▼ 大人気ないアイツ 1/3
「ところでお前、地上なんか出て何してたの。わざわざアイツに会いに行ってたの」
はむっと団子を頬張った銀時は、また眉を顰めて不機嫌そうな表情を向けてきた。お茶を片手に団子を食べ終えた私は、ぽいっと串を皿に投げた。
「全蔵にこの前のお礼言ってなかったから」
「ふぅーん、…俺には?」
「はあ?!?いや言ったし、何なら昨日酒盛りしたじゃん」
「お前、アレ完全に俺接待した側だろーが!!どう考えても感謝の気持ちなんかねェだろ!」
私は昨晩のことを思い出して、大きく声を上げて笑った。月詠が酒癖が悪いことを知っていて、私は隣で何も言わずに銀時に酌をさせた。暴れ回る月詠が静かになったのは、どれくらい銀時が殴られてからだっただろうか。私はそれを笑いながら、酒を飲んでいた。

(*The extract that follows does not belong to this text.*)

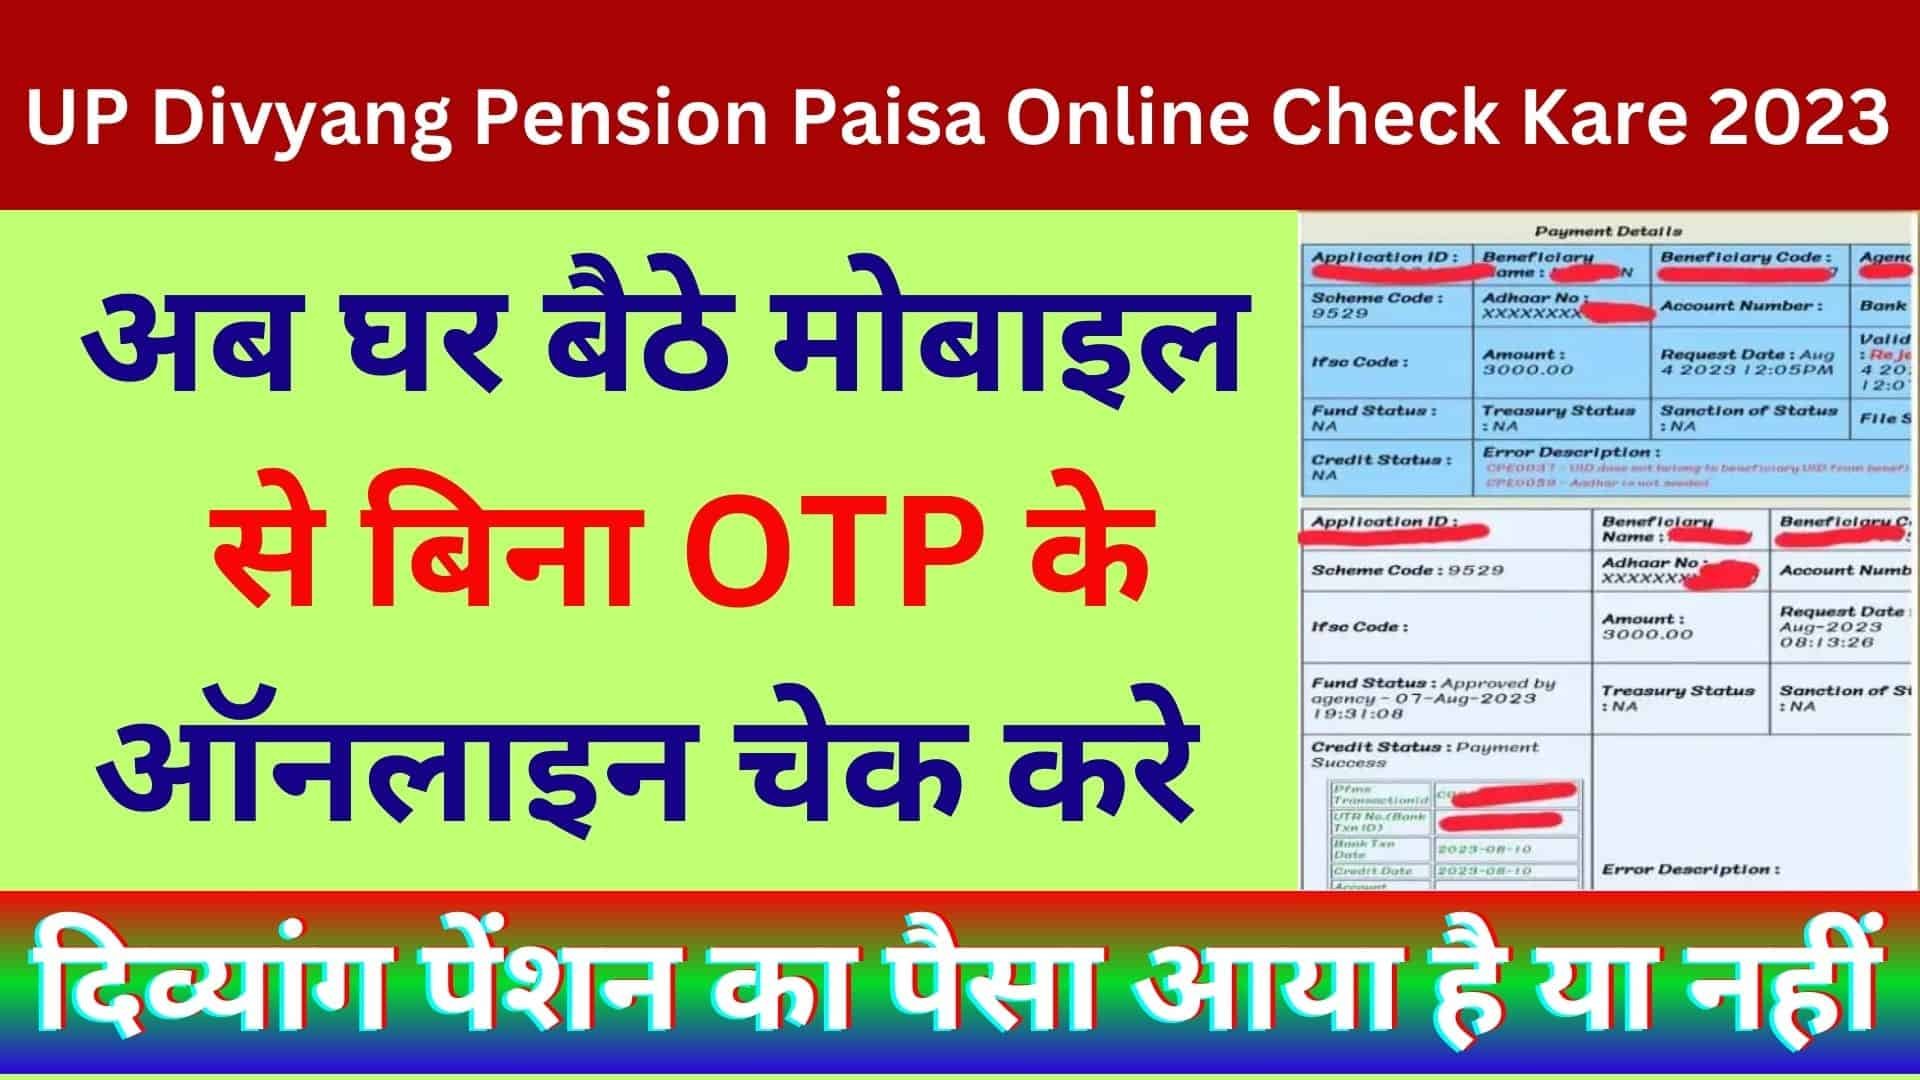 UP Divyang Pension Ka Paisa Online Kaise Check Kare 2023 : अब घर बैठे ऑनलाइन चेक करे दिव्यांग पेंशन का पैसा आया है या नहीं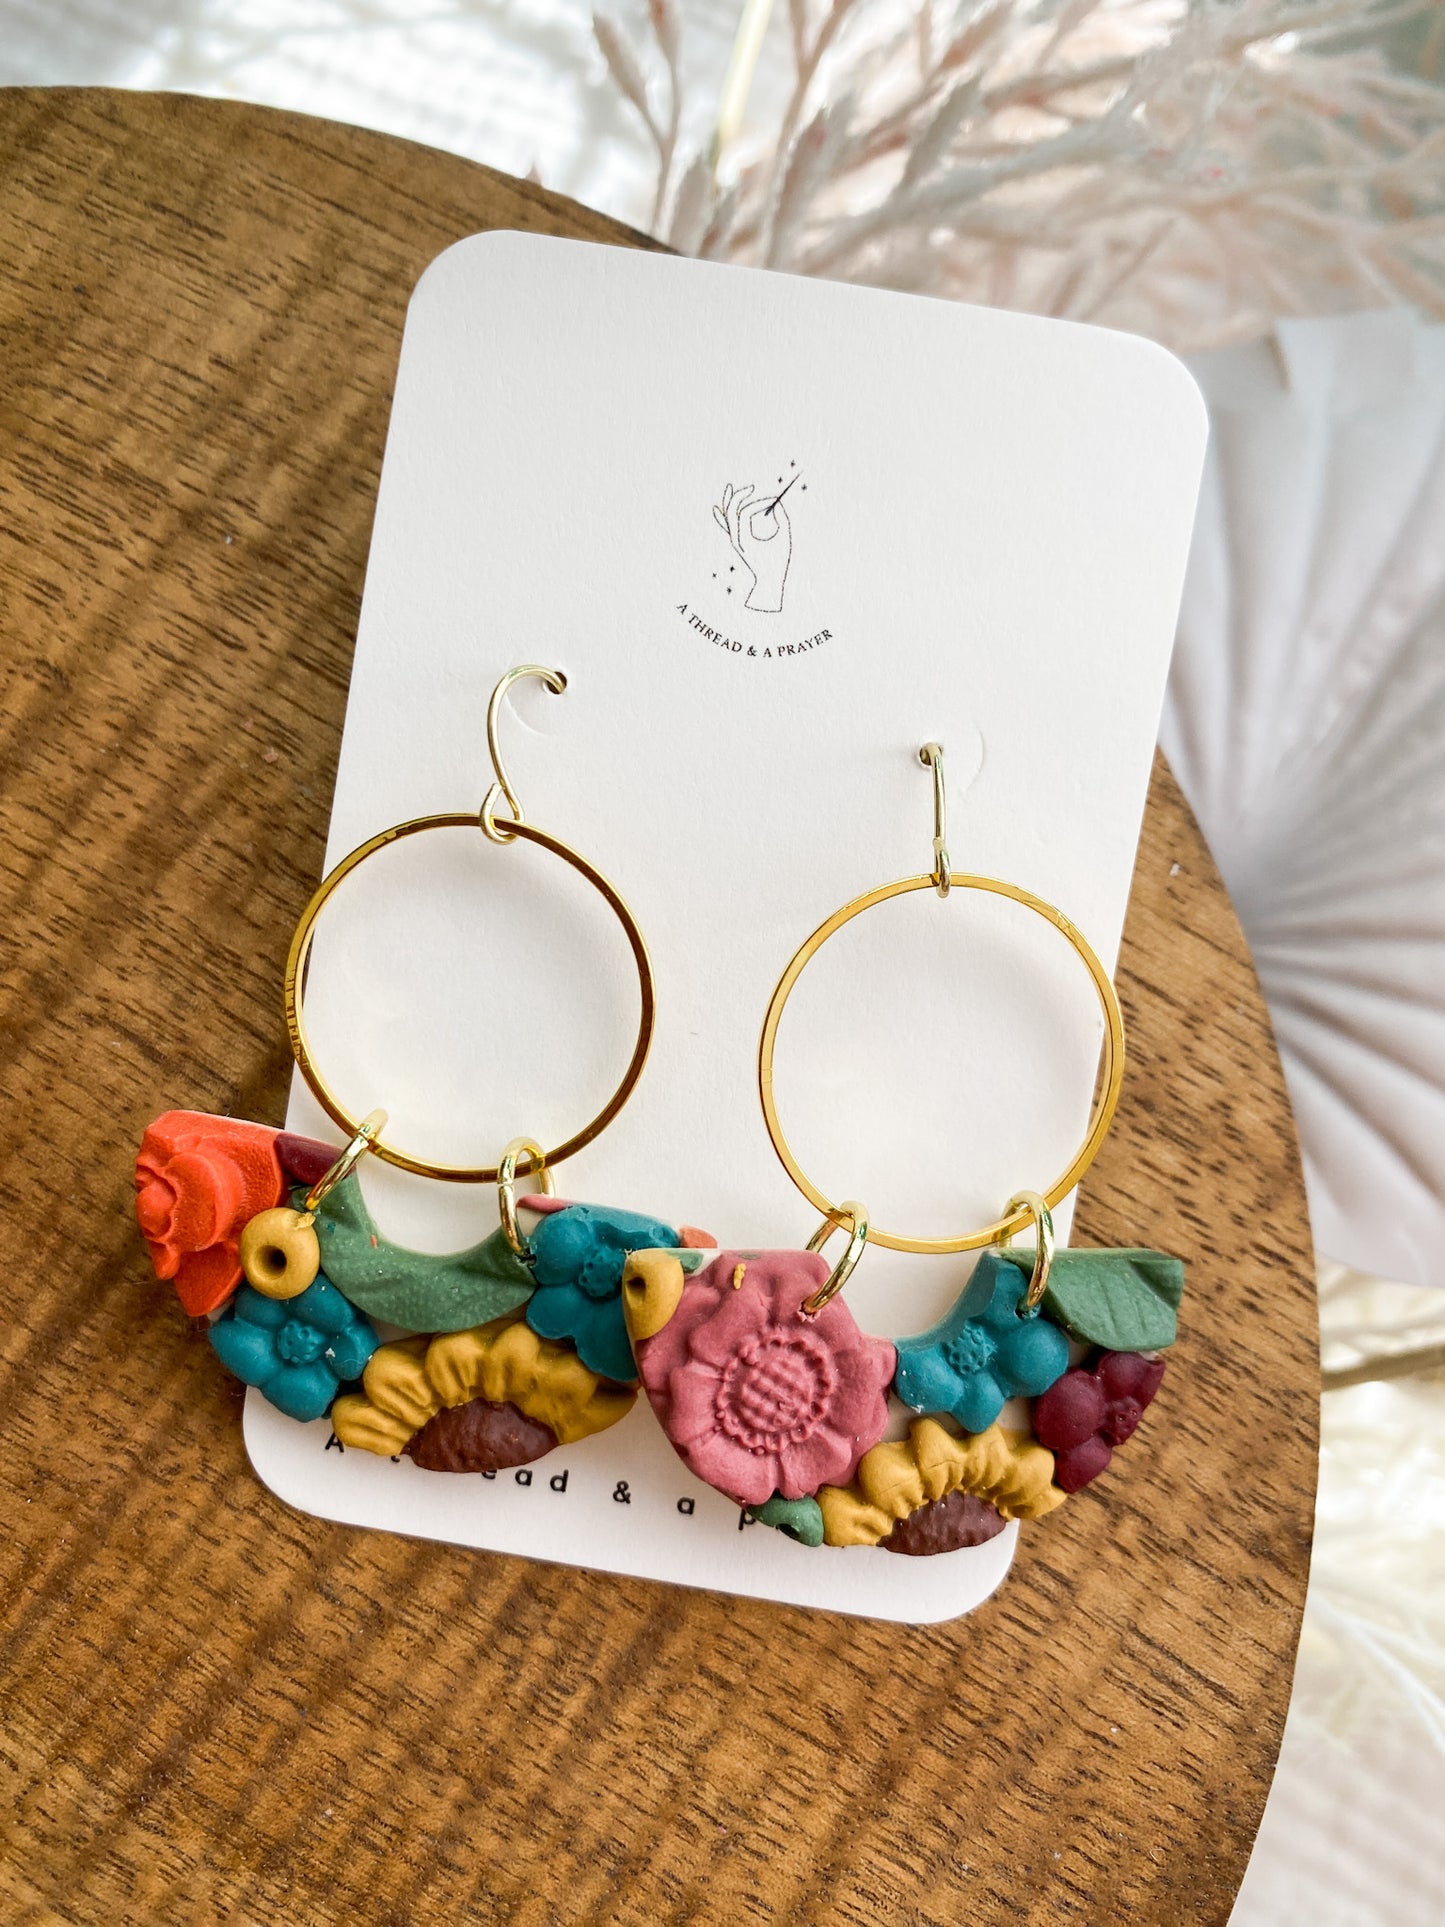 Spring Floral Earrings Style 3 | Flower Garden Earrings | Dangle Clay Earrings

「な?お前の軽い回想だけでも、俺に対しての感謝なんか一欠片もねェじゃん!?」
「うるさいなぁー楽しかったんだからいいじゃんよ」
「納得できねーなァ。あの忍者にゃわざわざ礼しに言ったくせによォ」
「あーもうガキか、お前は!じゃあ、どーしろっての。何したら満足なんですかぁ、銀時さんは」
「…マジ?言っていいの?」
2本目の団子に手を伸ばそうとした私は、銀時が不敵な笑みを浮かべているのに気付いて、思わず眉を顰めた。…何こいつ。絶対よからぬことを考えてやがる。
「…内容によっては聞いてやるよ」
「ふーん、言ったな?じゃあ今日お前んち行っていい?…ゲームやらせてくんね?」
「…は?そんだけ?」
がめつい銀時のことだから、やれ酒奢れ、銭よこせ、とかなんとか言ってくるかと思いきや、何とも拍子抜けな提案だった。私は「別にいいけど」と銀時の思惑に気付かないままに即答してしまった。そんな私の言葉に先ほどまでのむくれはどこへやら、じゃあ決まりなー、と満面の笑みを浮かべた。
「…先に言っとくけど月詠は呼ぶなよ」
「んーじゃあ猿飛でも呼ぶ?」
「もっといらねェよ!あいつの名前出すな、納豆臭くなんだろ、団子が!」
それもそうかと、声を上げて笑う私に、銀時は呆れたような顔を向けてきた。